A very juicy rumour set the fanboy flames blazing across the web this week, after Eurogamer claimed that Nintendo was secretly working its shrink-ray magic on the SNES.
The early leaks say it'll be just like the Nintendo Classic Mini NES, only, y'know, more Super. That's right: a miniature version of your favourite childhood games console (unless you were a Sega kid, of course) packed with a handful of the best games ever released for it. Oh, and it'll arrive just in time for Christmas.
It would certainly explain why Nintendo discontinued the Classic Mini NES recently: it's not because the company just plain hates money, but because it needs to free up production to work on a new, must-have plastic brick of gaming nostalgia. Which is both a good thing and a bad thing. Here's why.
Don't skimp on supply
See, the NES mini did gangbusters for Nintendo, selling out just about everywhere it went on sale as the perfect stop-gap before the Switch arrived in March.
People snapped them up to give as Christmas presents, and desperate parents were forced to turn to Ebay and pay extortionate prices to avoid disappointing their kids. There's still demand today, with the £50 console going for well over four times its asking price on online auction sites. And yet there'll never be enough. The Mini NES is dead. It has ceased to be.
If its replacement is to succeed, and not alienate gamers that want to buy one but can't Nintendo absolutely has to make enough consoles to meet demand.
People are definitely going to want this thing. The NES might have been Nintendo's first home console, but the SNES arguably had the better catalogue of games - Zelda and Donkey Kong are great, but they're practically prehistoric next to A Link to the Past and Donkey Kong Country. To not have enough consoles to go around a second time would just be a slap in the face to die-hard Ninty fans.
Get the right games
The NES Mini had a decent selection of first-party games, and even a few major names from third-party publishers, so we'd expect a mini SNES to follow suit.

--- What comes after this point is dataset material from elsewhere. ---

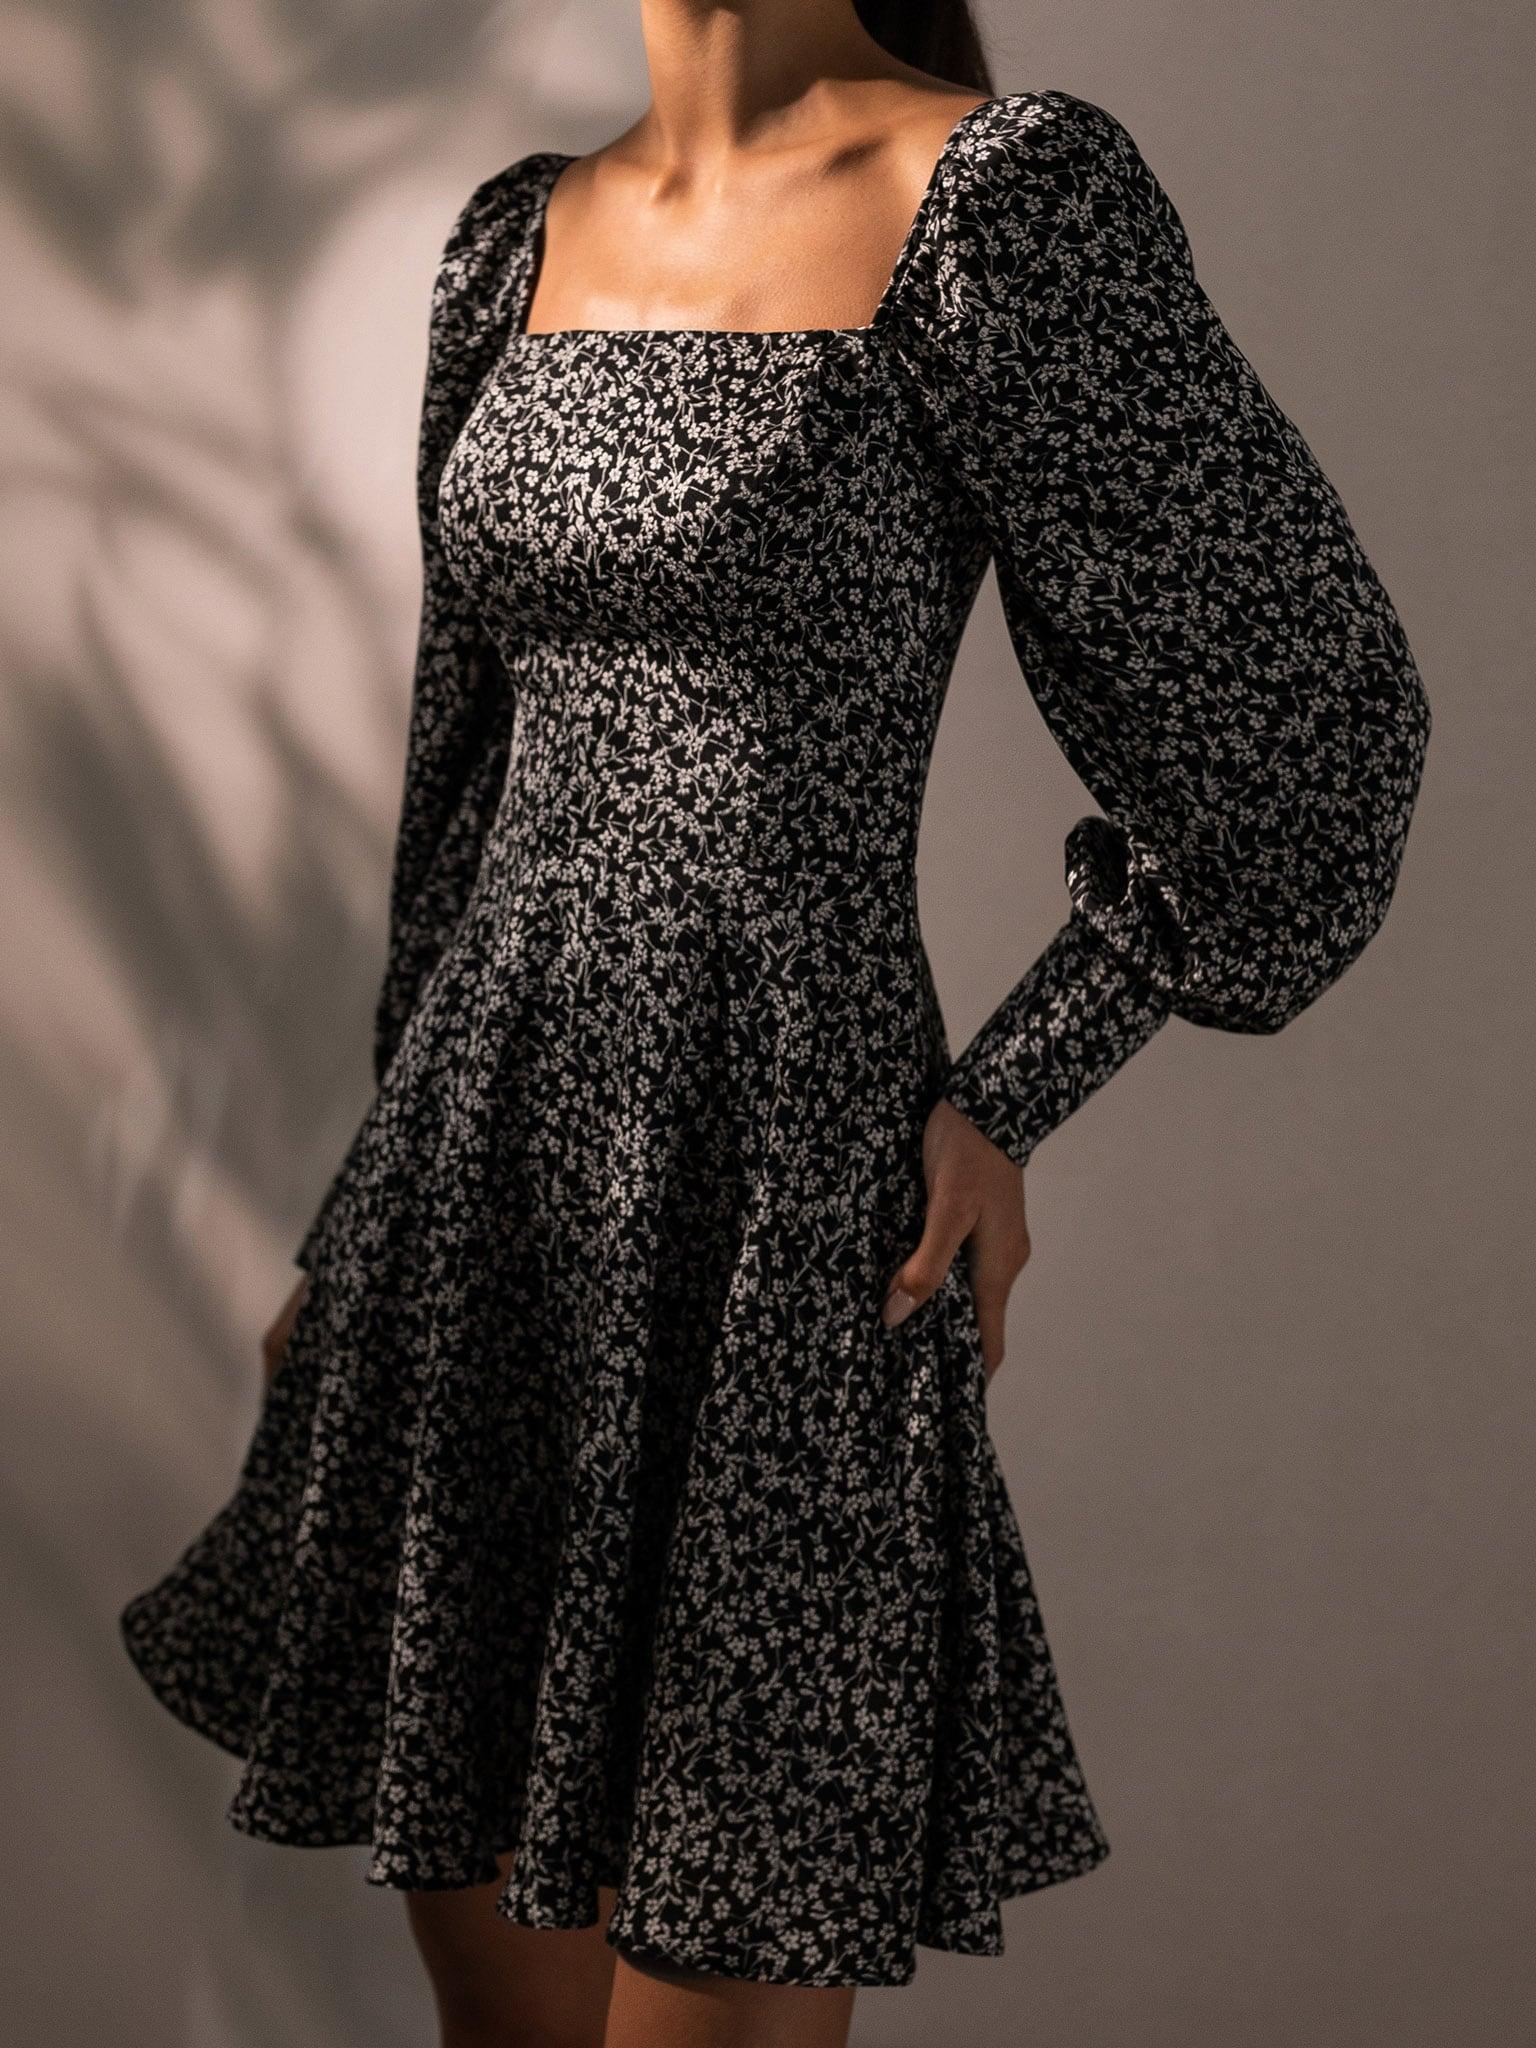 Платье С Талией Под Лифом Как Называется

There's a whole heap of titles to choose from, including Super Mario Kart, Super Metroid, and Super Mario World, as well as Star Fox, Earthbound and the aforementioned Zelda sequel. Those are obvious must-haves, but the Big N is going to have to break out the credit card and license some third-party games to keep us properly happy.

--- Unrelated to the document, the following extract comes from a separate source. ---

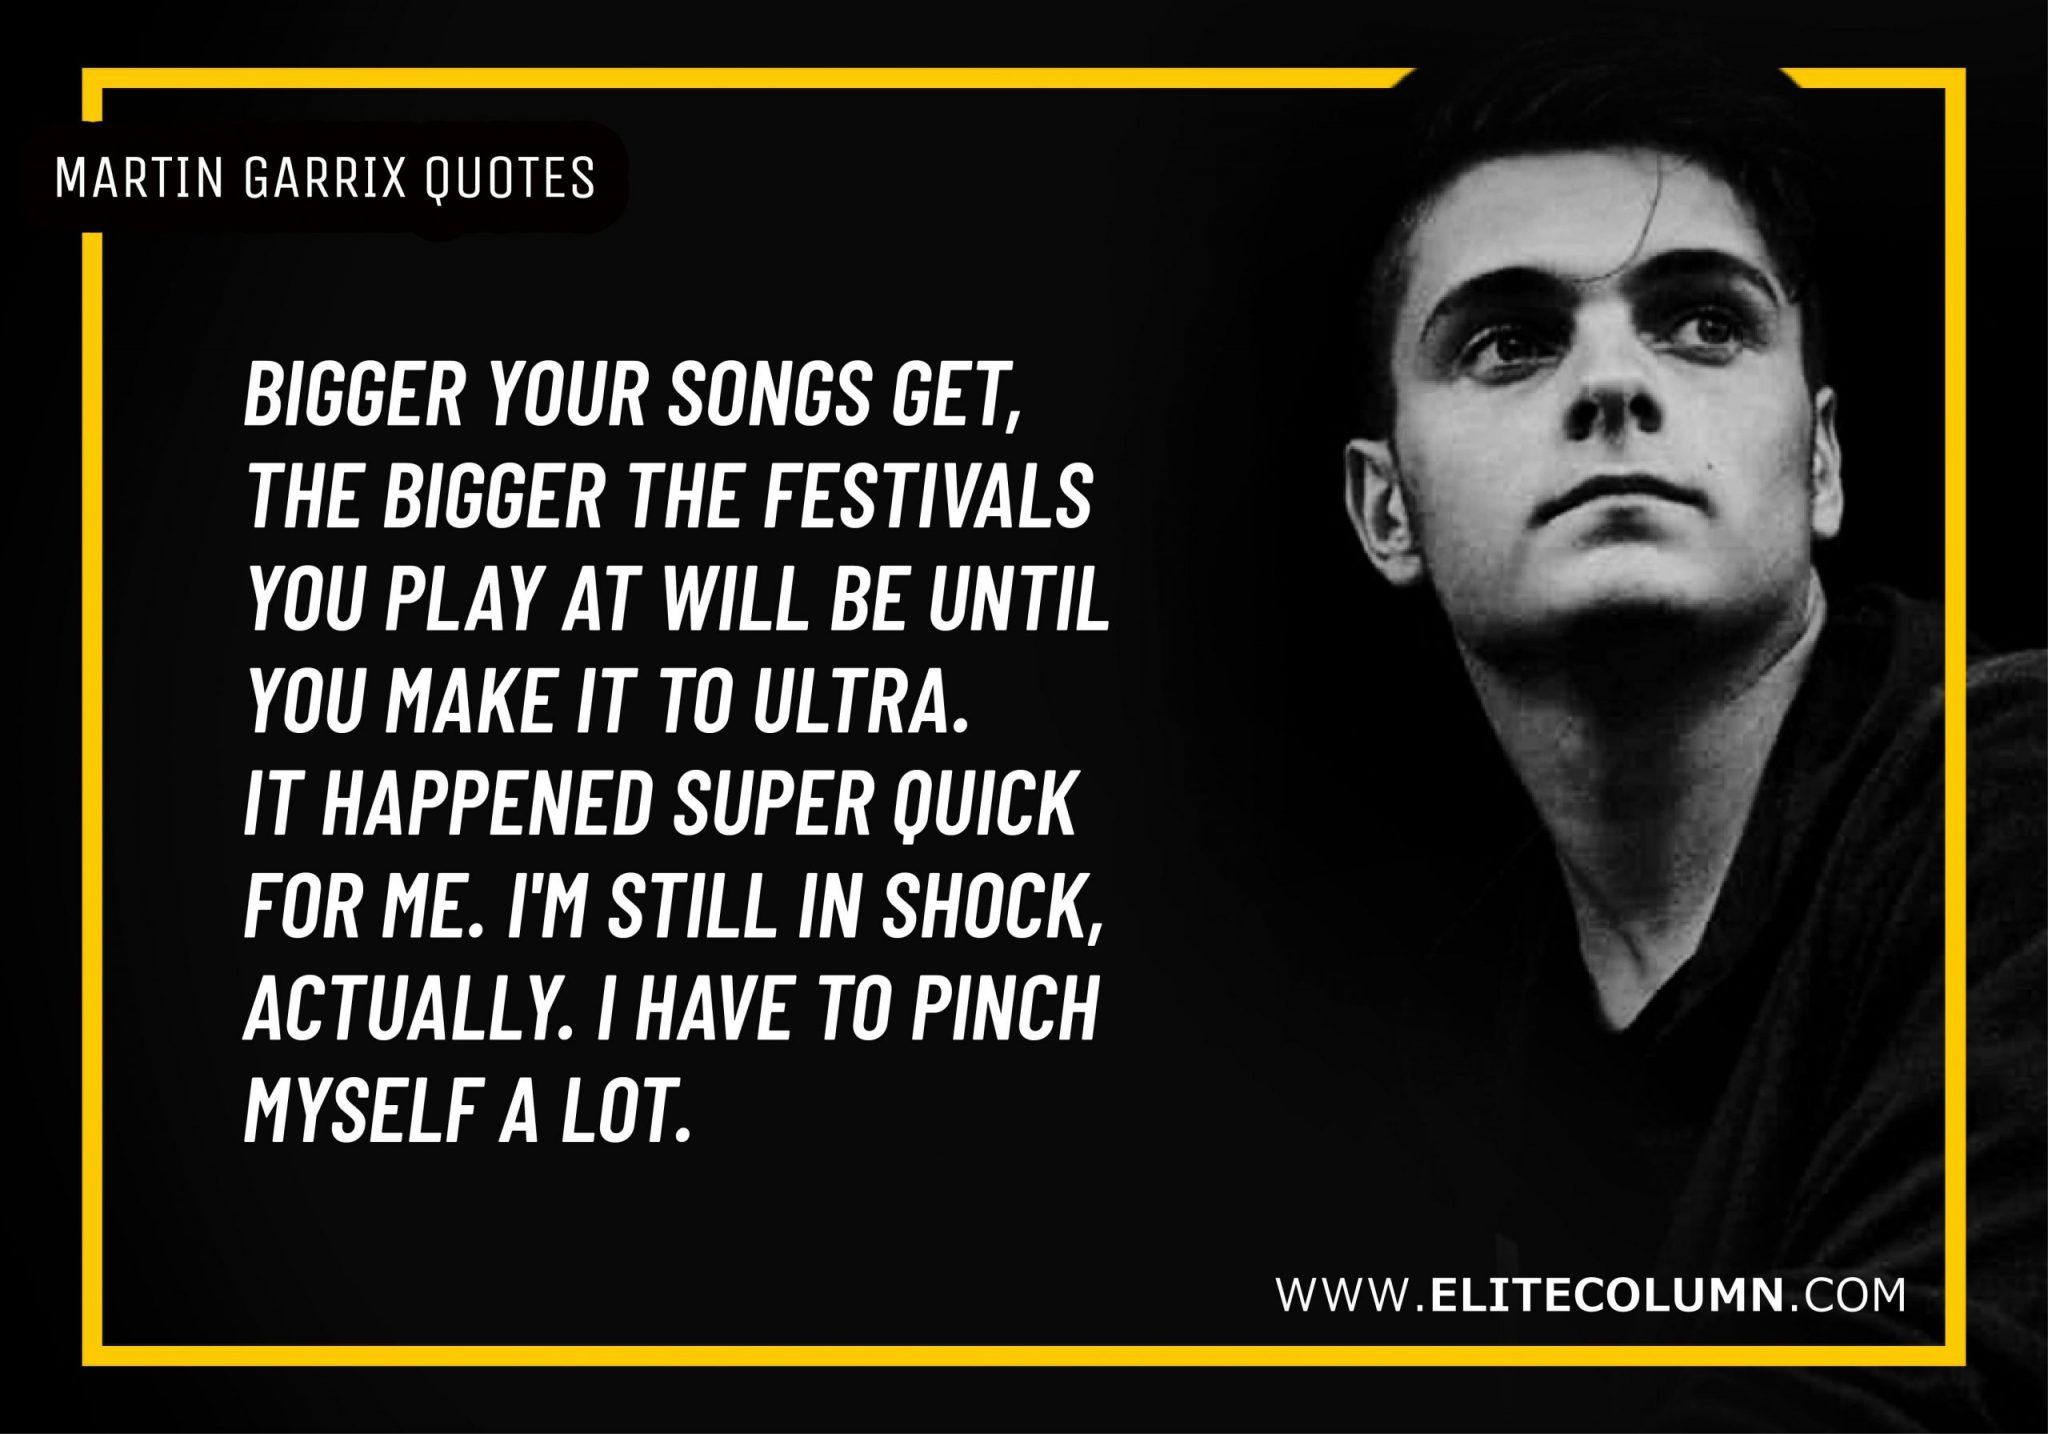 Martin Garrix Quotes (5)

NBA Jam and Super Bomberman are two that instantly jump to mind - and are the two games that could even get me to buy a SNES Mini multi-tap, if such a hallowed object gets willed into existence by Nintendo.

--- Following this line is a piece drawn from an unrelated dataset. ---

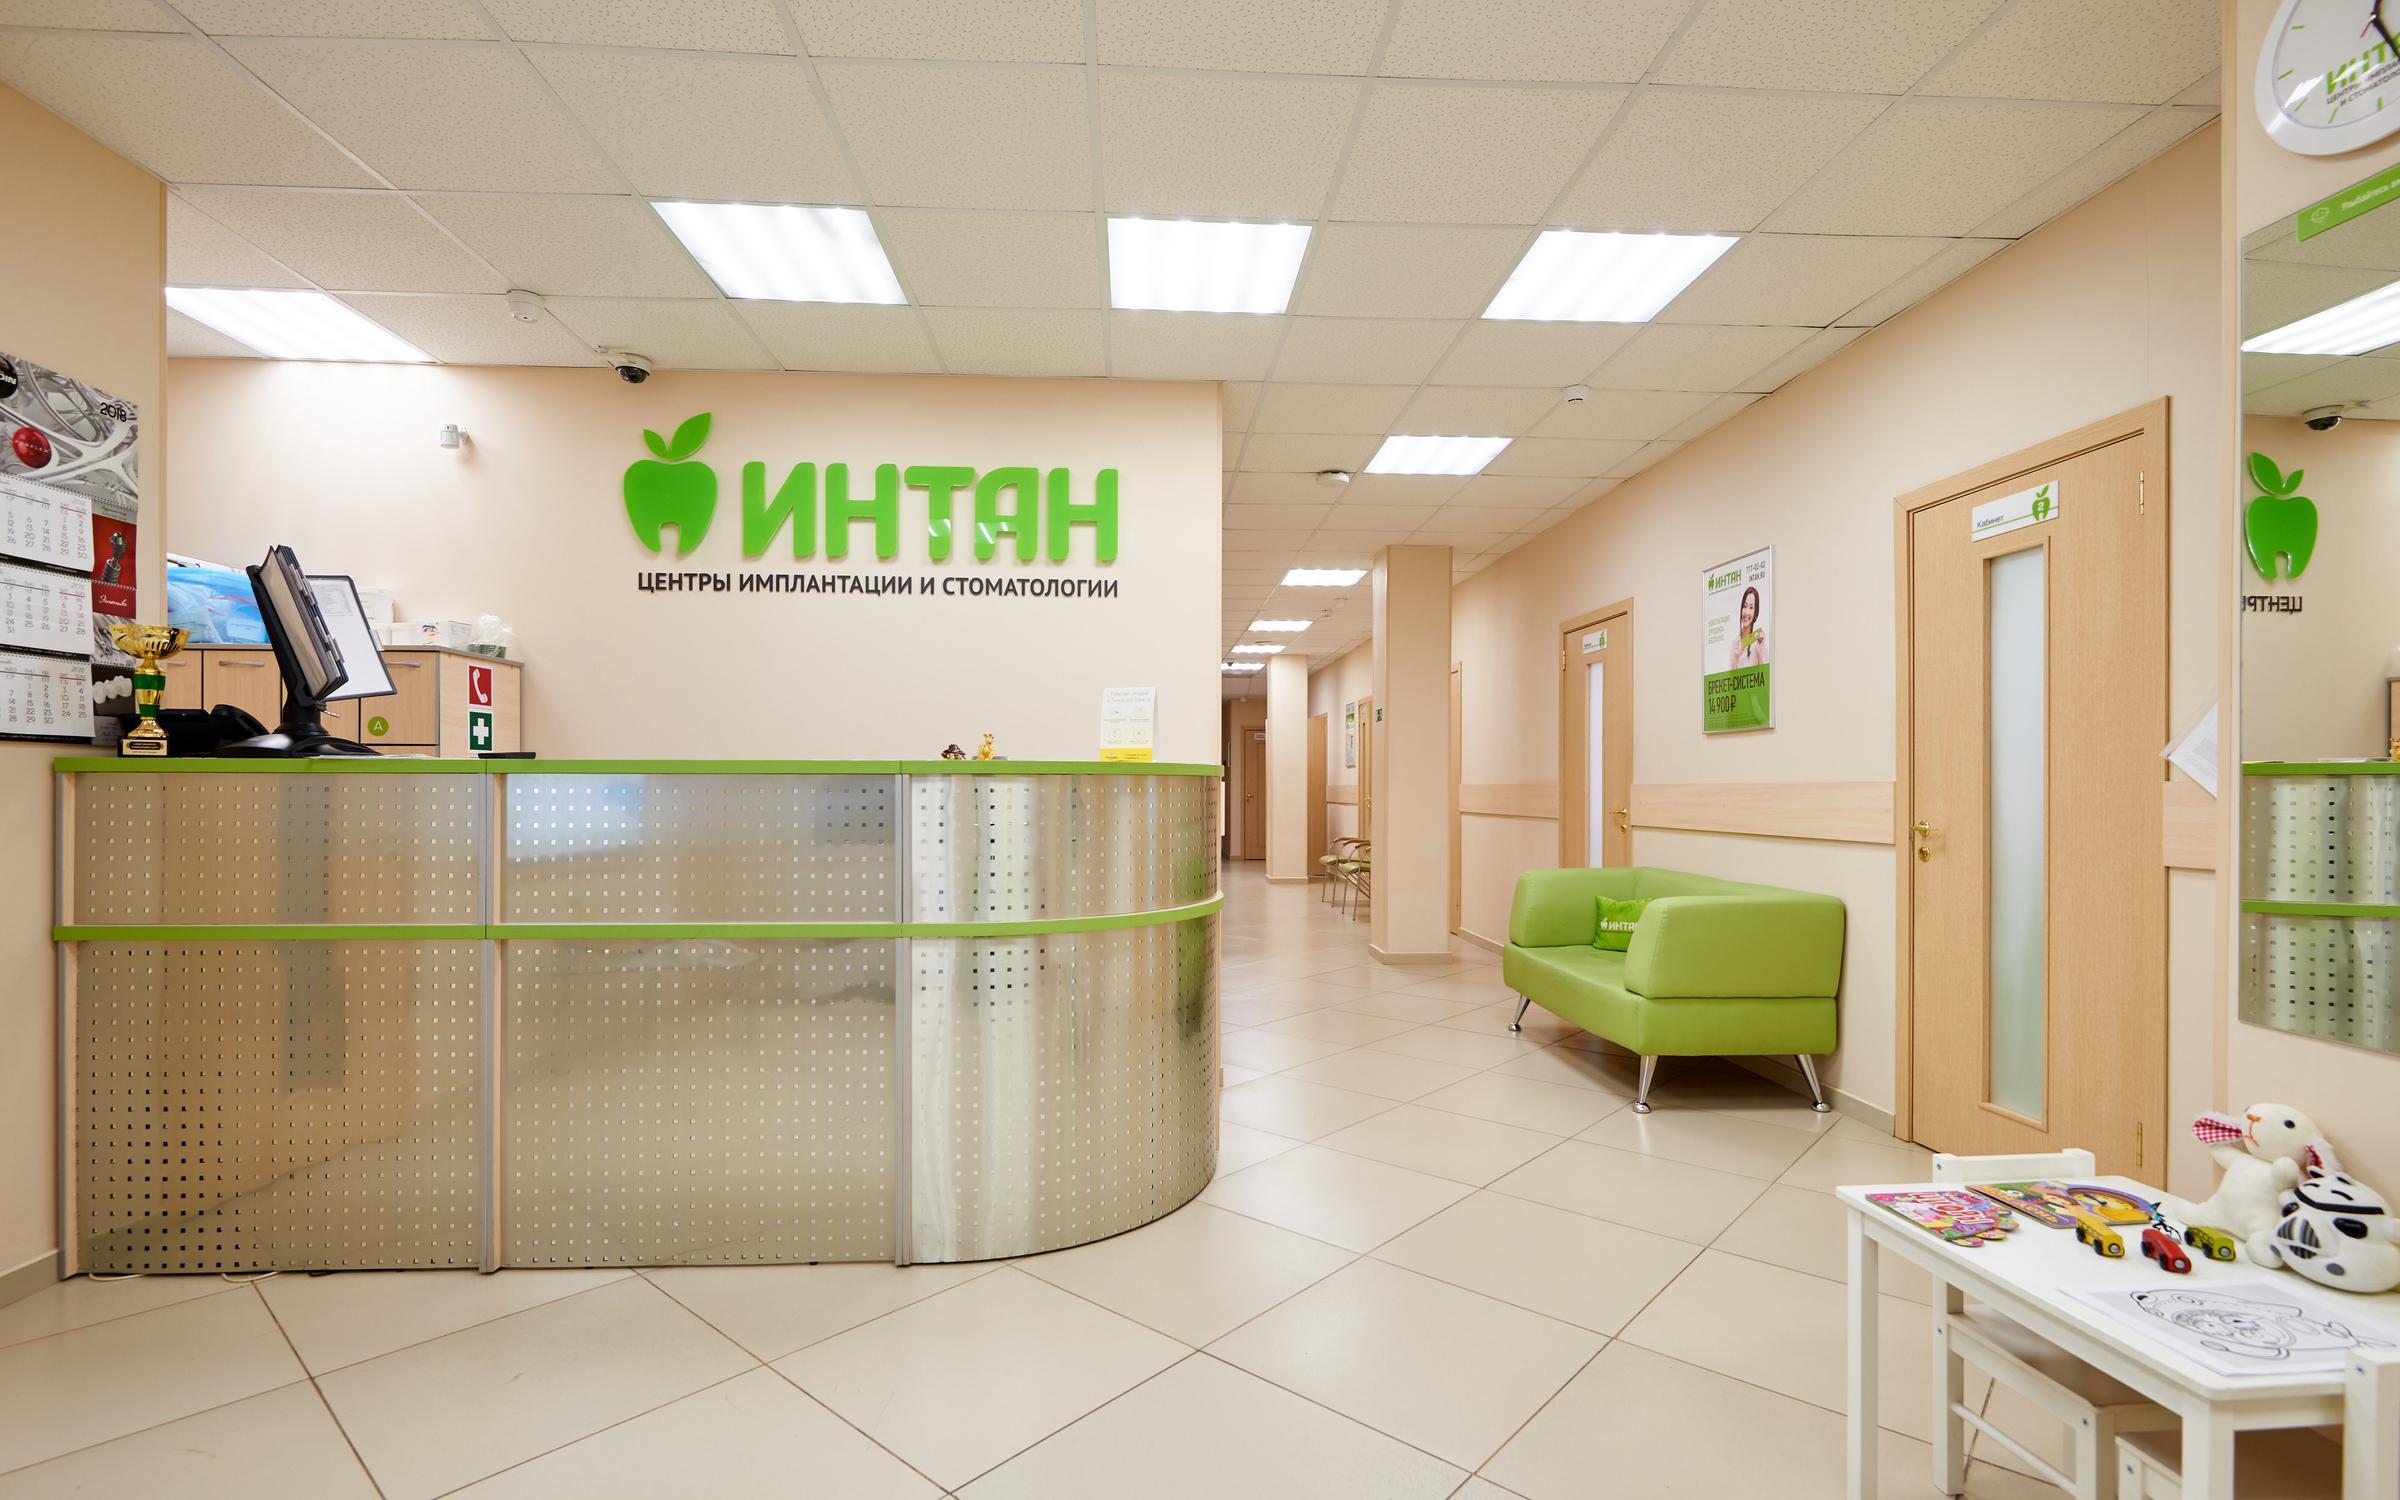 фотография Центра имплантации и стоматологии ИНТАН на улице Солдата Корзуна

Let's not forget that the SNES had some of the best RPGs of its era, too. The Secret of Mana and Chrono Trigger are incredible, multi-hour experiences that are just begging to be replayed.
If all those licensed games are a bit too pricey for Nintendo to bundle on the console, then let us buy them separately - a downloadable game store, just like the Nintendo E-Shop, would be a guaranteed way to make some extra cash once gamers have paid for the hardware itself.
No cable catastrophes
Finally, while the NES mini might have been popular enough to sell out, it was hardly perfect.
Just take a look at those pathetically short controller cords; unless you trawled the console half-way across the living room, you'd have to get down on the floor and play mere feet away from your TV. So just like the original, I guess.
We're not in 1990 now, though, so there's really no excuse: add a few extra feet to your controller cords, Nintendo. My cramped legs will thank you.
Being able to plug your existing SNES controllers in would be a bonus, too - it's the reason I've been waiting for to get up into the loft and have a good rummage. It would mean you wouldn't need to pay a tenner a time for Nintendo's official USB pads, just to school your mates at Mario Kart.